:: Problem requirements ::
Would you repeat the listing exactly but omit every picture?

:: Dataset content ::
^^^^^^^^
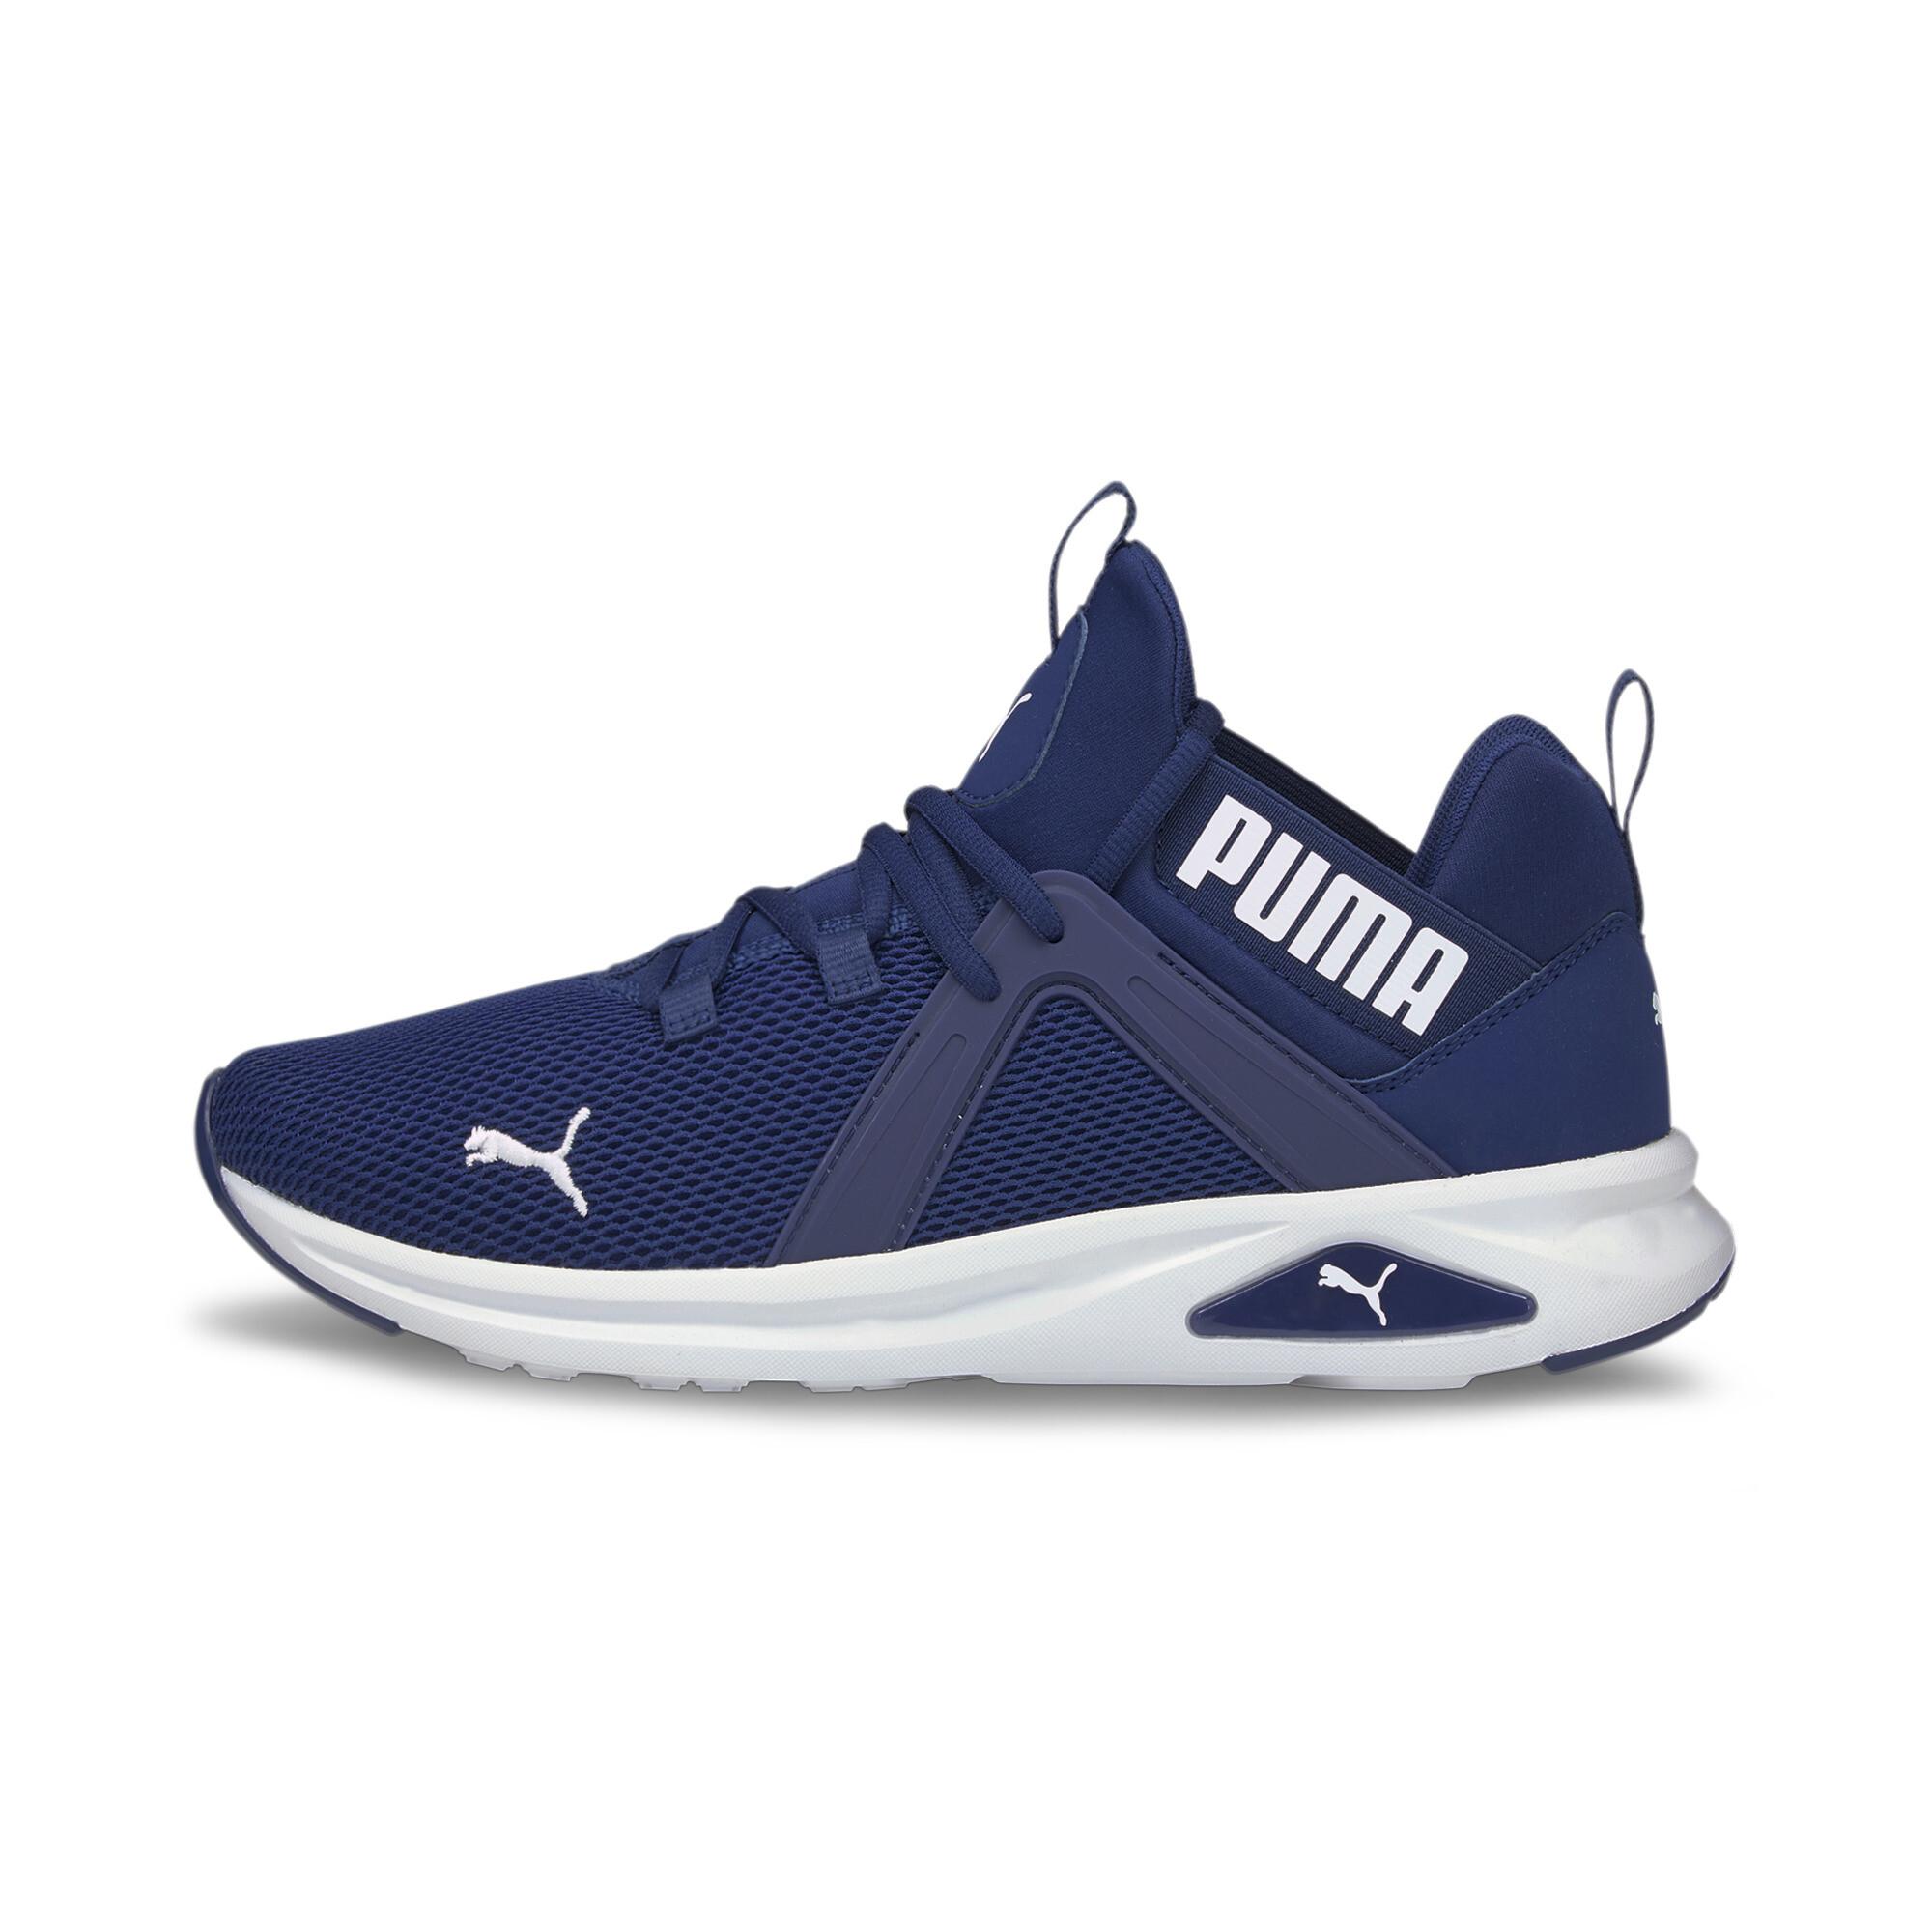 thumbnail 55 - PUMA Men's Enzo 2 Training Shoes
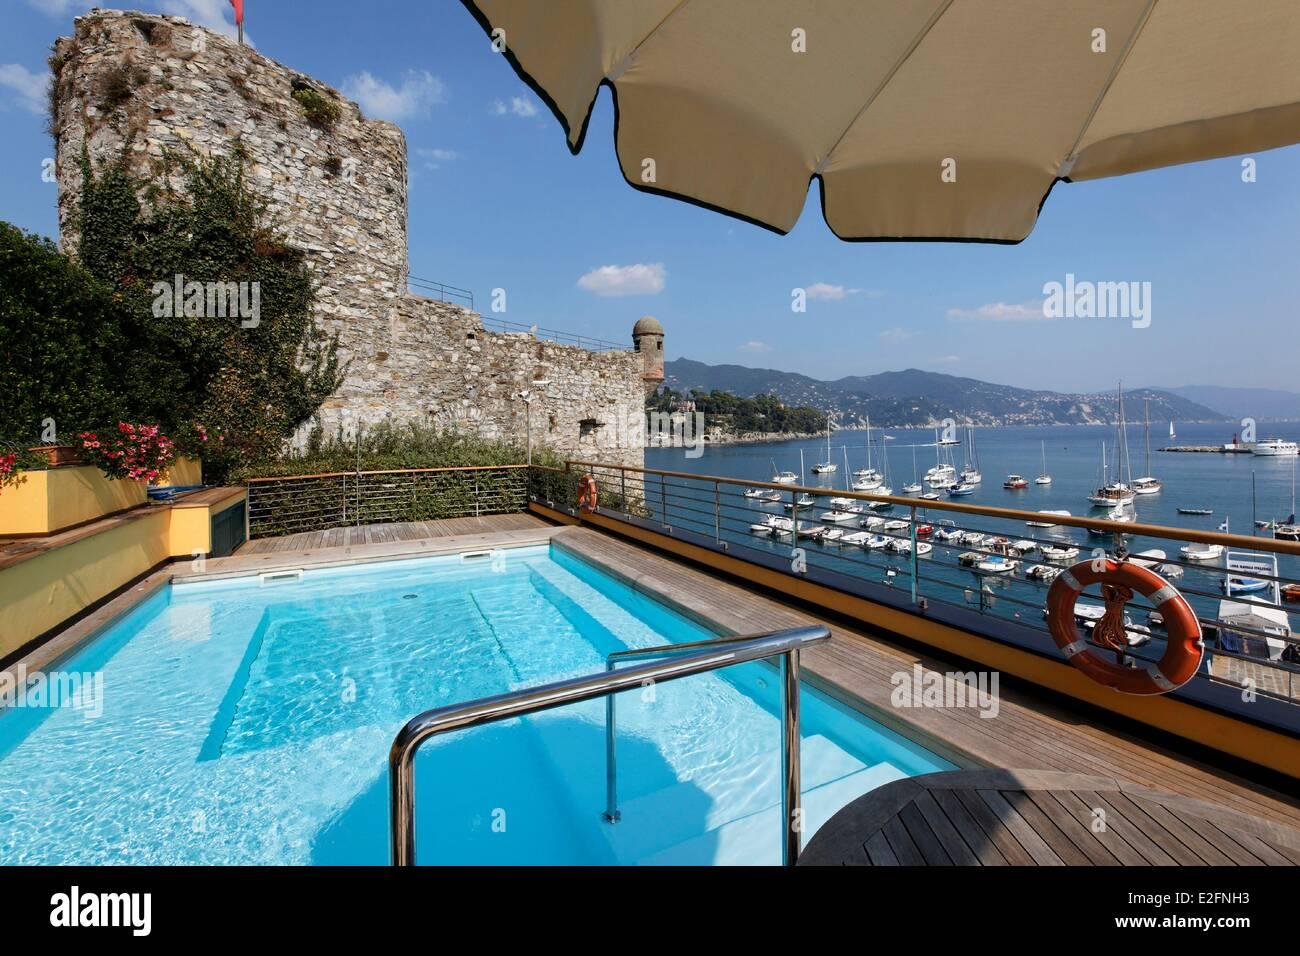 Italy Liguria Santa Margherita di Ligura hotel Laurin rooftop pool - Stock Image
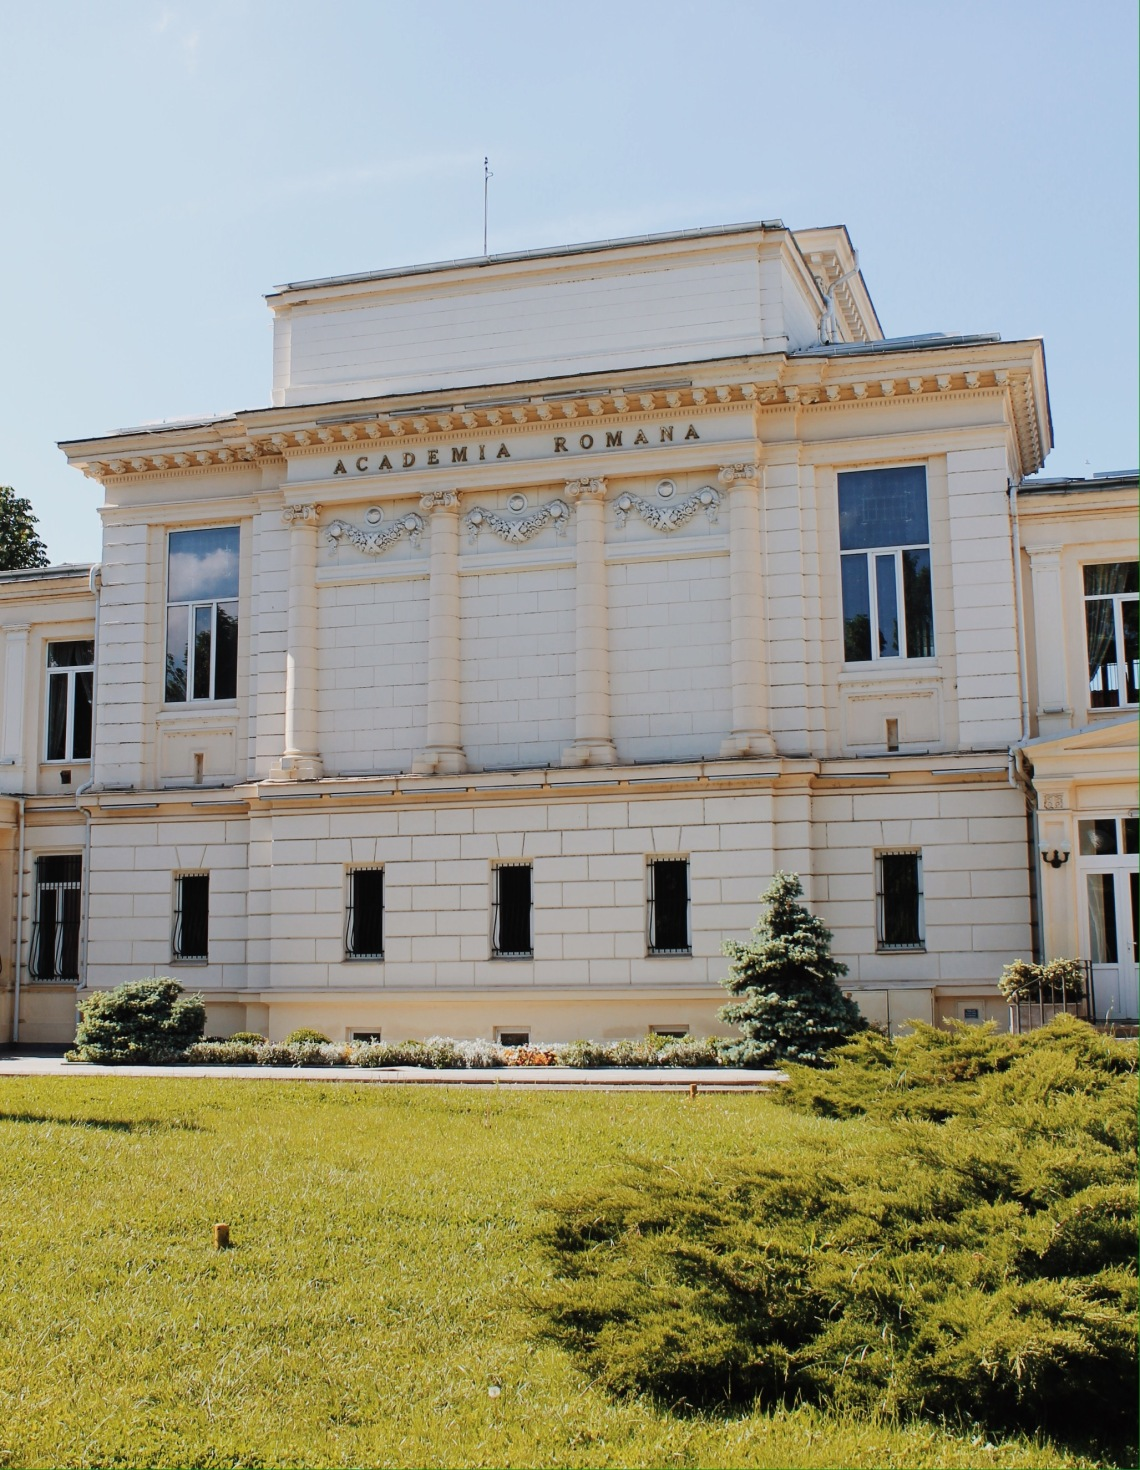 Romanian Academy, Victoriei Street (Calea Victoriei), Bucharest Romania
^^^^^^^^
:: Response to the exercise ::
 thumbnail 55 - PUMA Men's Enzo 2 Training Shoes
 Italy Liguria Santa Margherita di Ligura hotel Laurin rooftop pool - Stock Image
 Romanian Academy, Victoriei Street (Calea Victoriei), Bucharest Romania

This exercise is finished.